### TASK DETAILS
Where an image appears in the data, omit it and reproduce the rest exactly.

### SUPPLIED INFORMATION
· · · ·

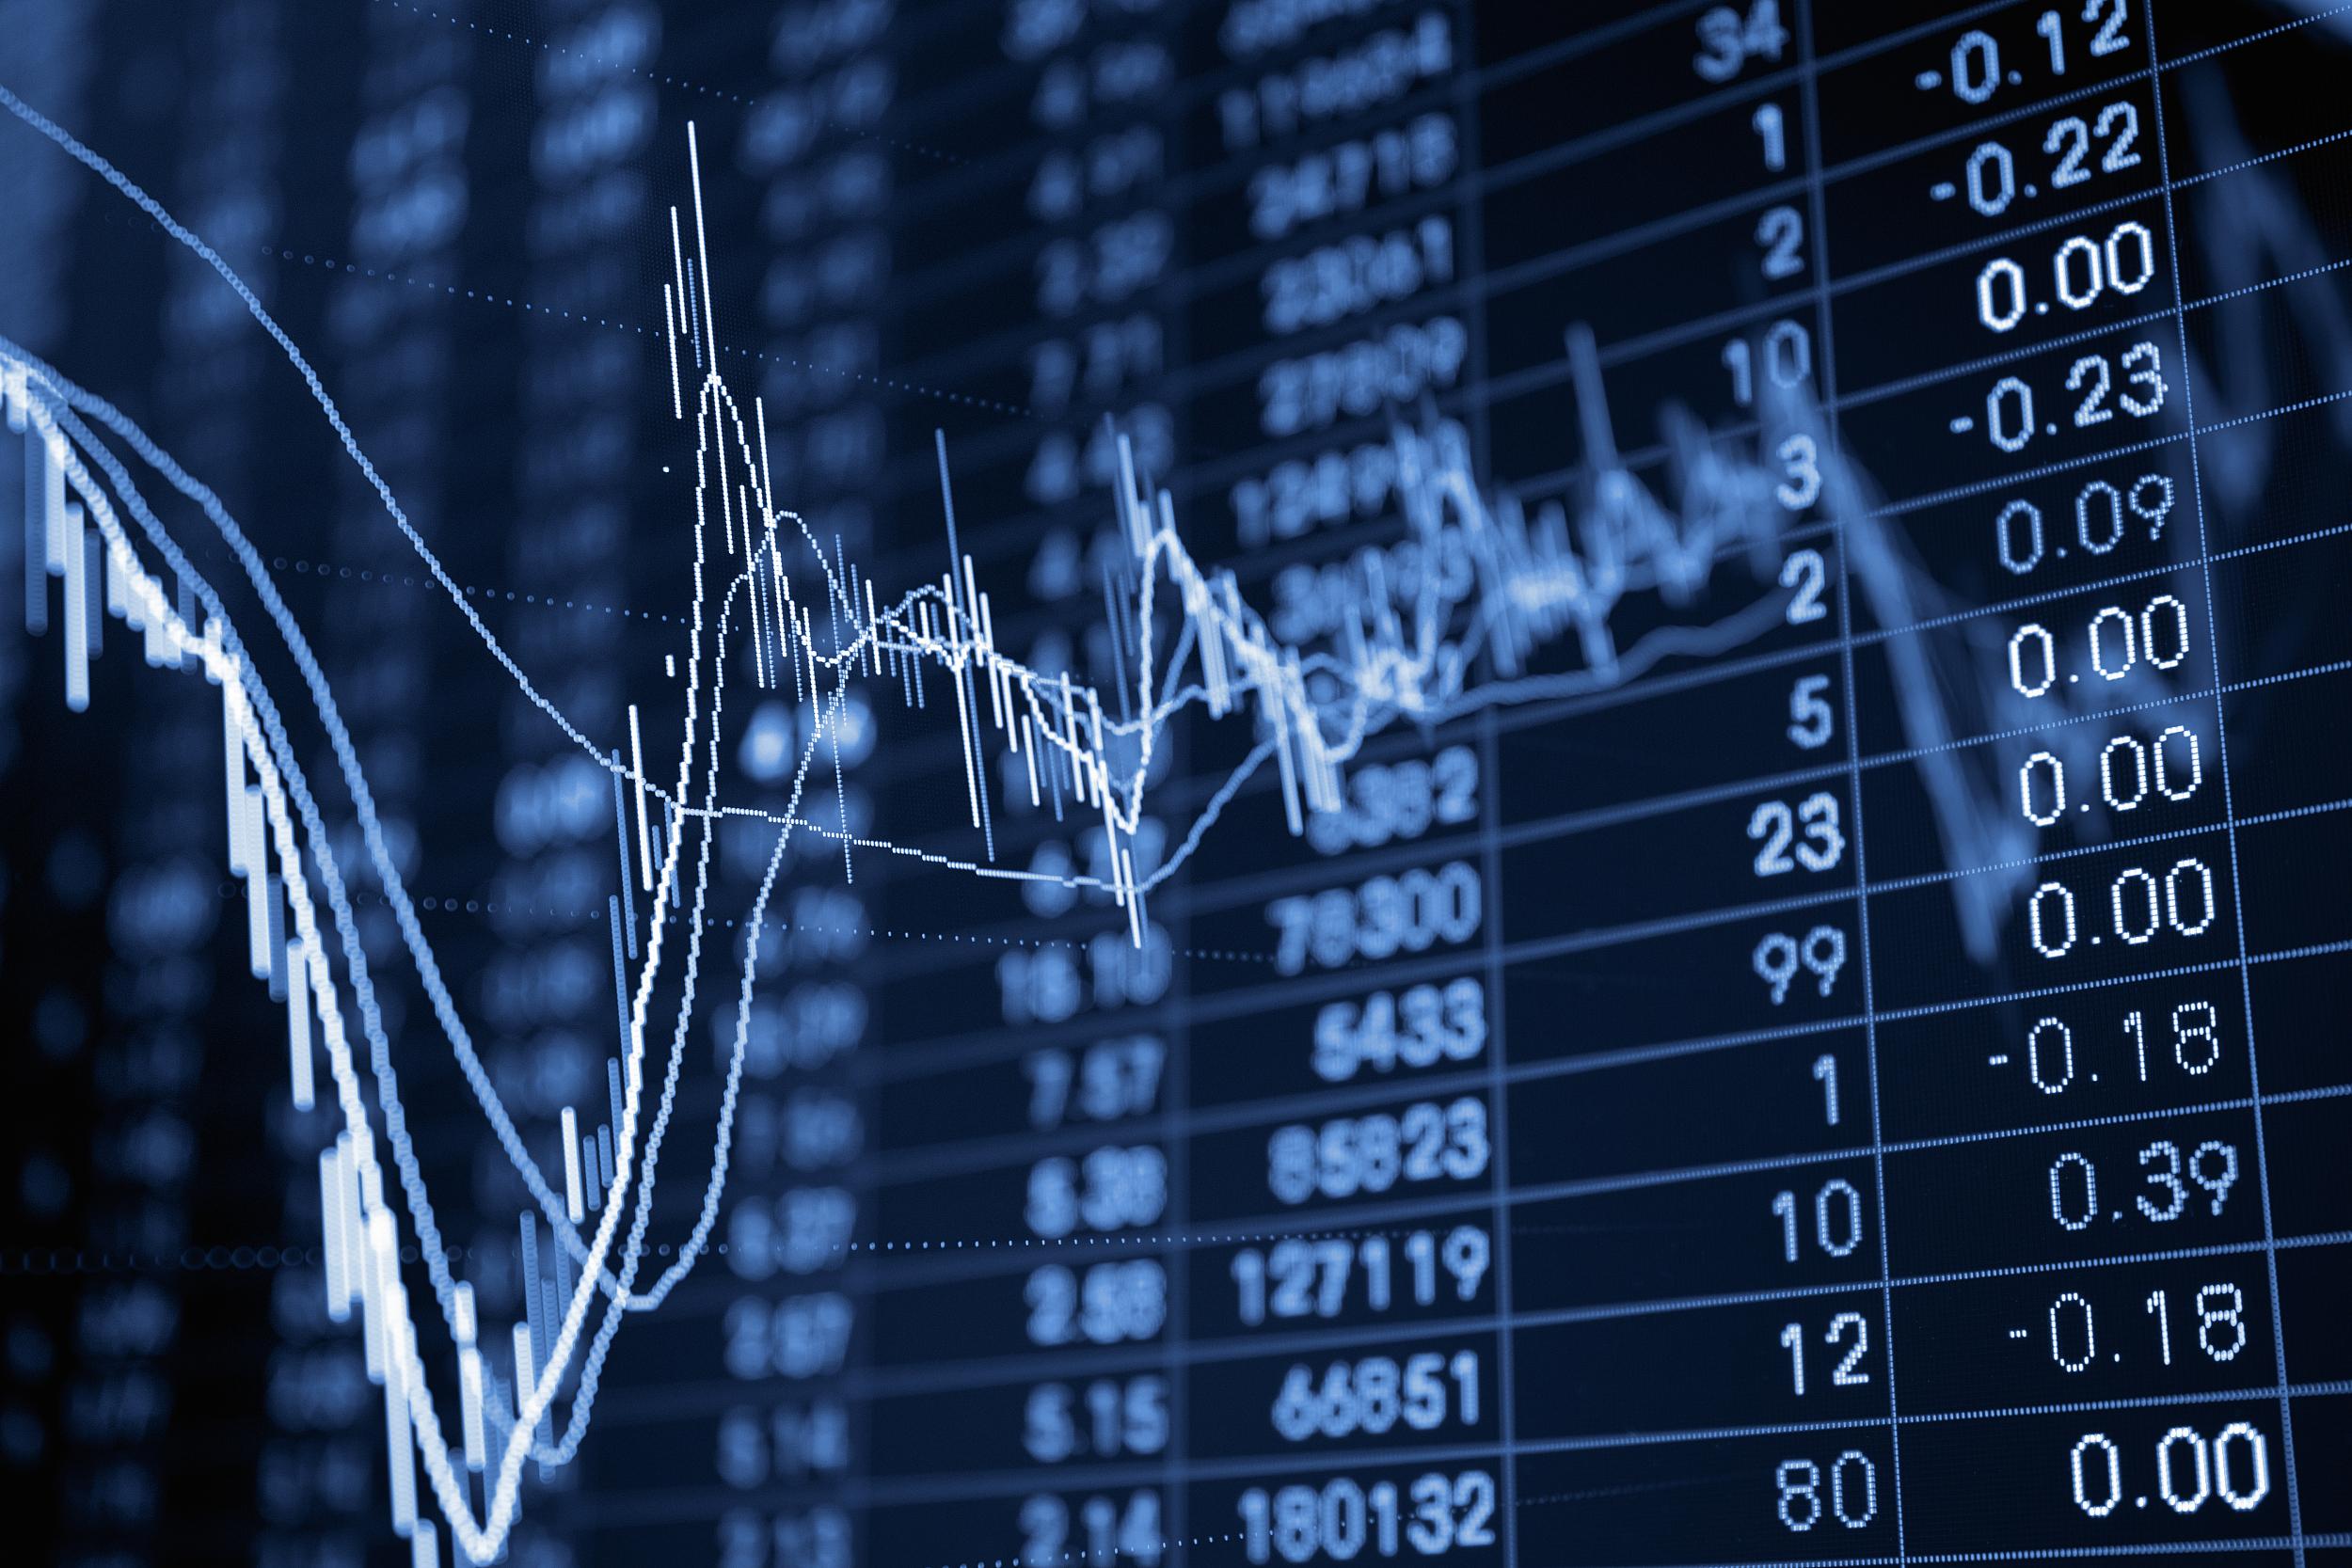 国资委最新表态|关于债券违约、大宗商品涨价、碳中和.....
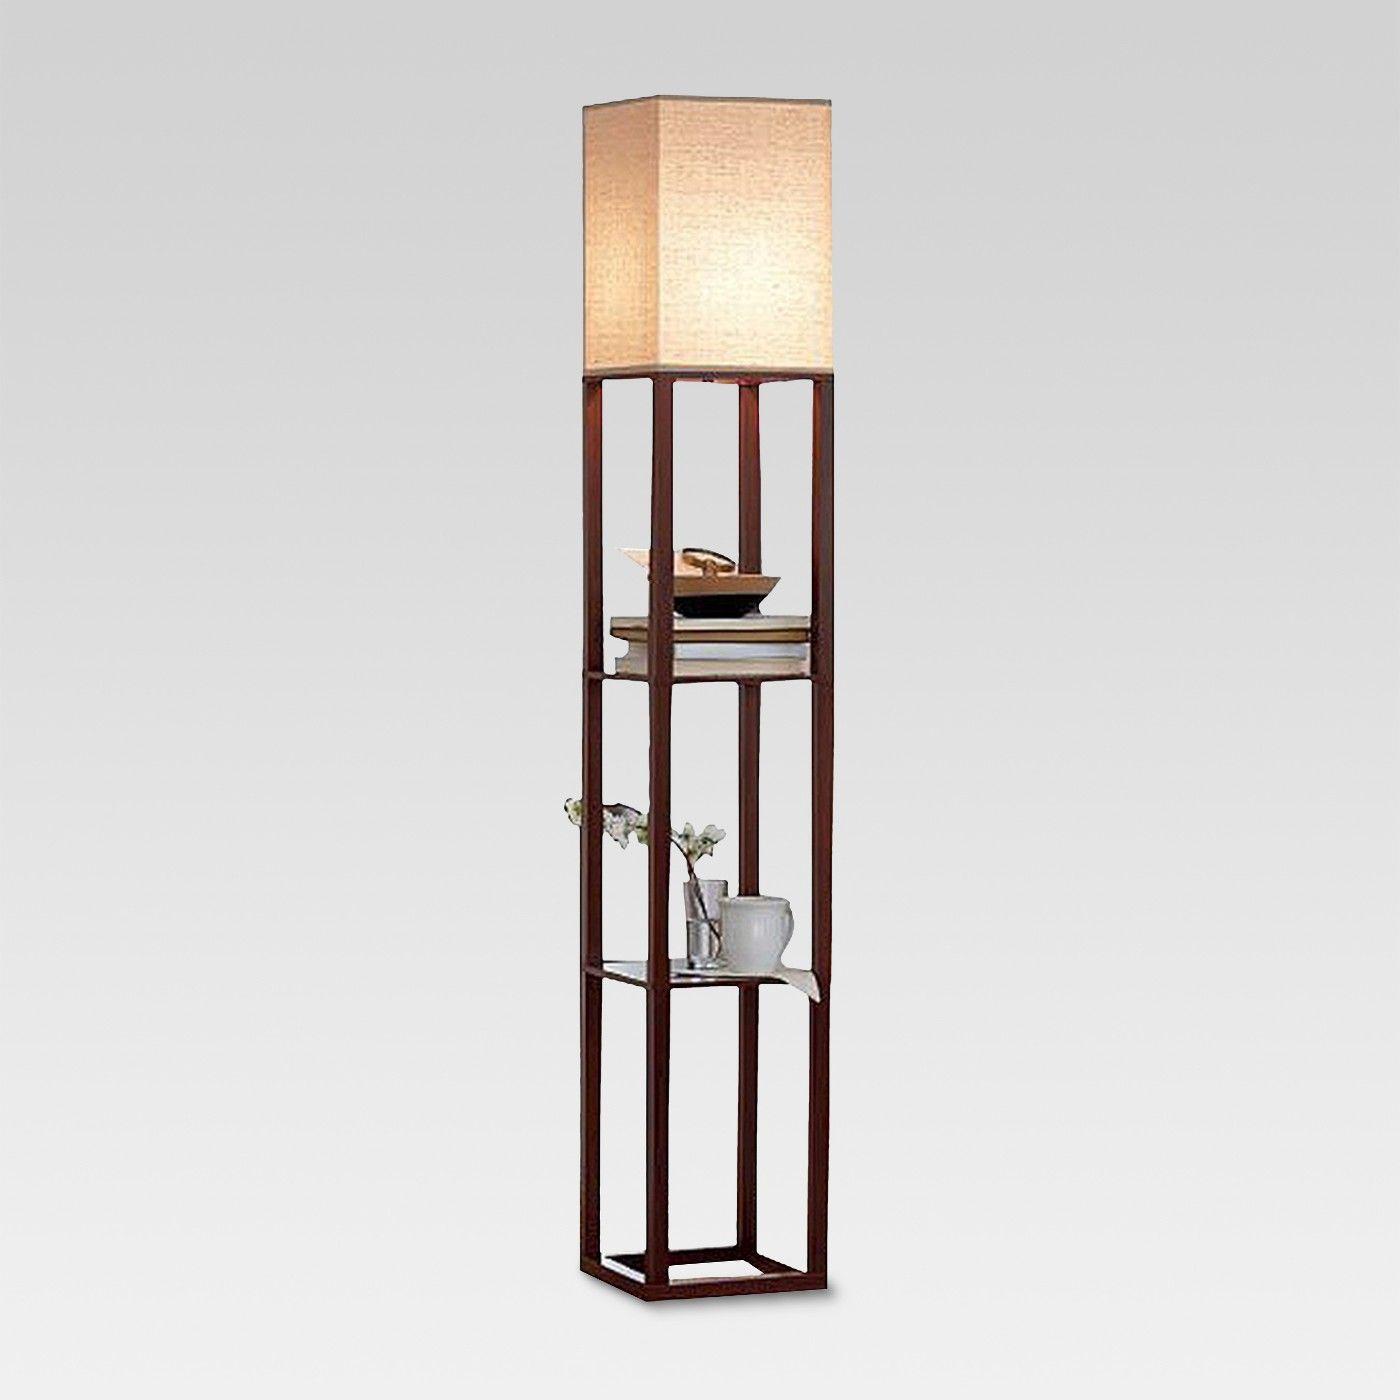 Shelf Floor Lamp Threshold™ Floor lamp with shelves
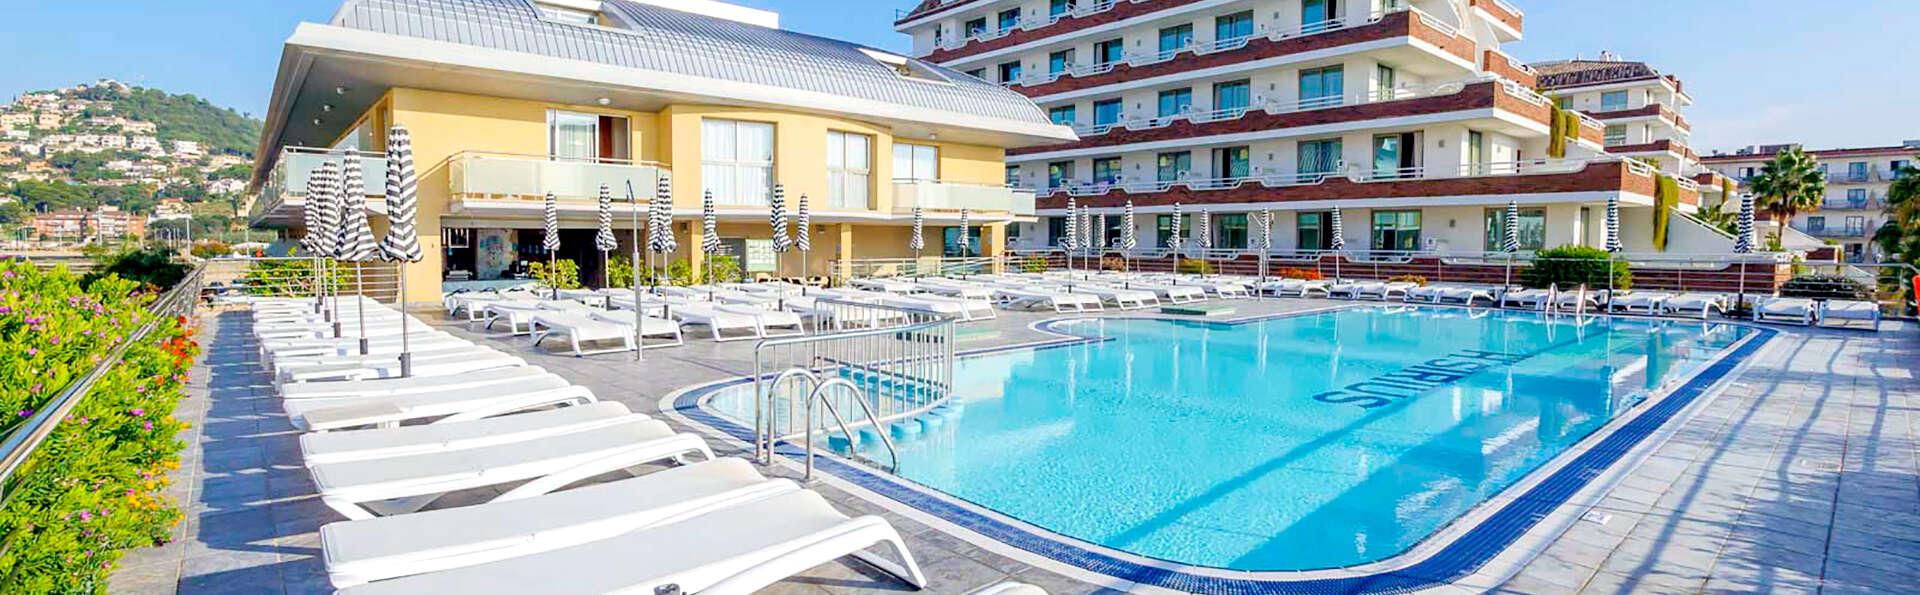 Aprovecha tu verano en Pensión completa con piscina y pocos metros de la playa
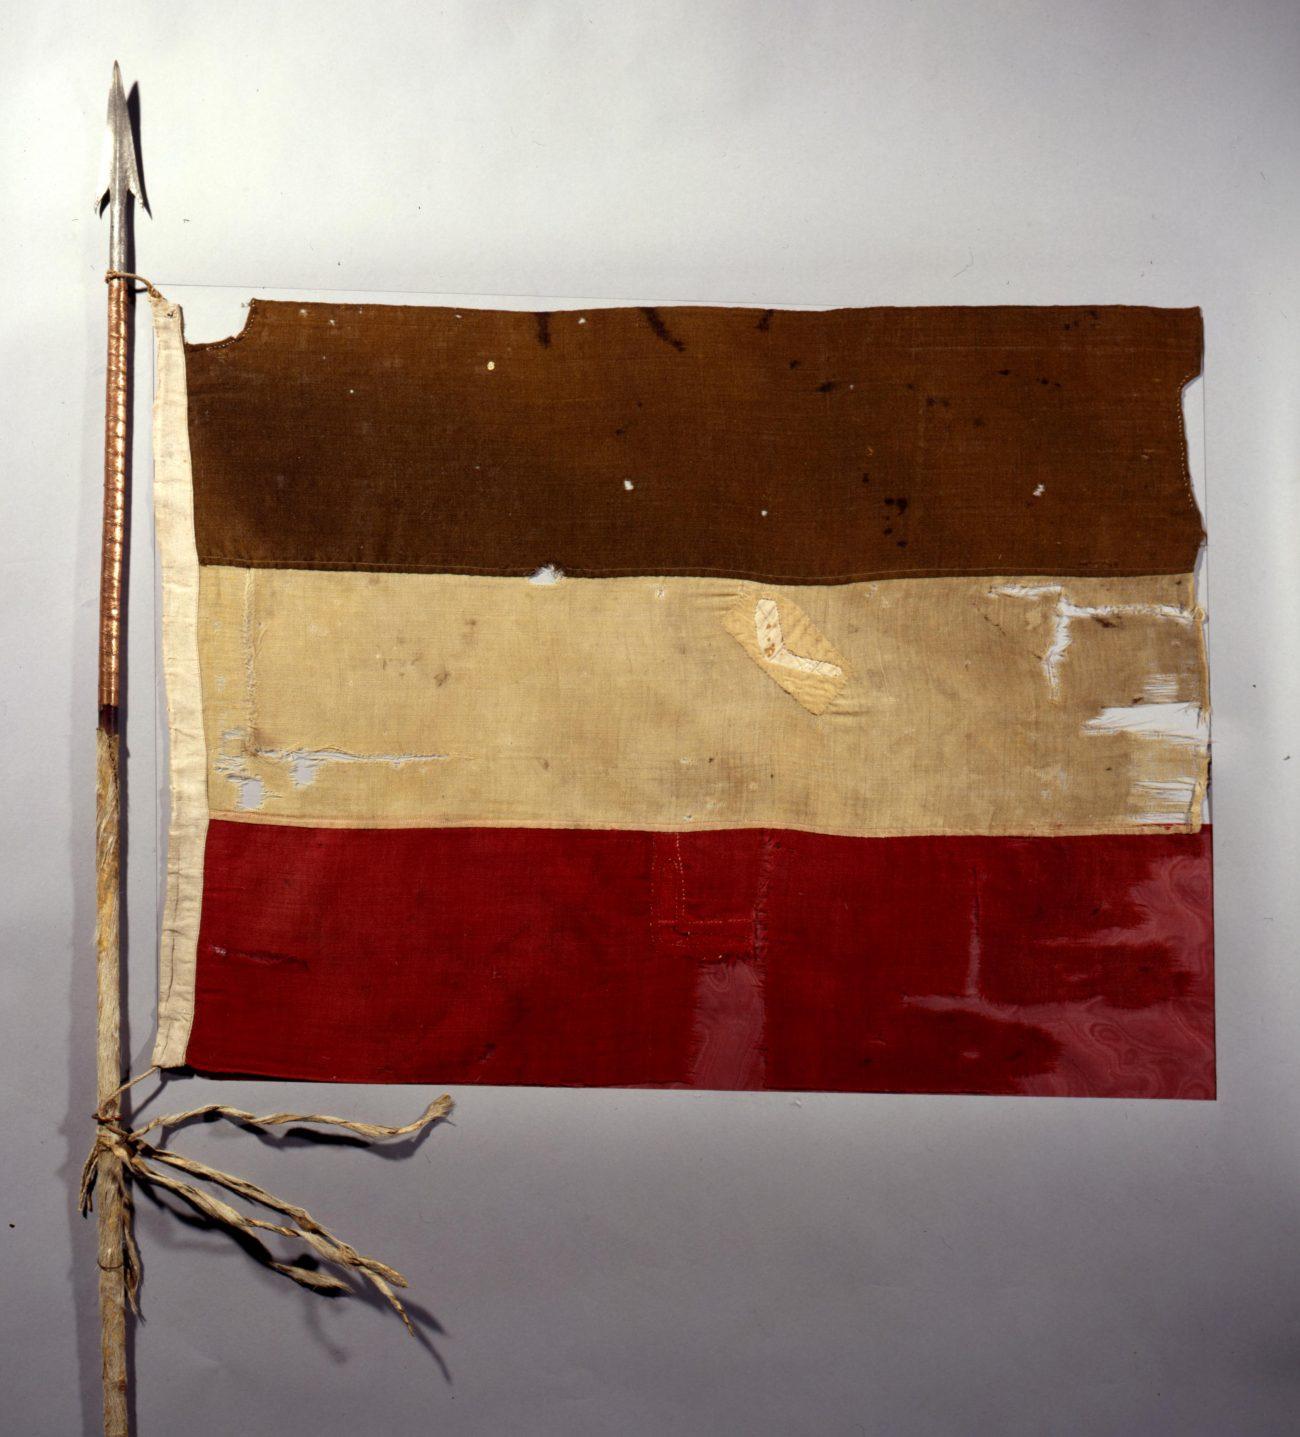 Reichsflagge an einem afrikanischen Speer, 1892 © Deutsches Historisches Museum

· · · ·

### ANSWER TO THE EXERCISE
 国资委最新表态|关于债券违约、大宗商品涨价、碳中和.....
 Shelf Floor Lamp Threshold™ Floor lamp with shelves
 Aprovecha tu verano en Pensión completa con piscina y pocos metros de la playa
 Reichsflagge an einem afrikanischen Speer, 1892 © Deutsches Historisches Museum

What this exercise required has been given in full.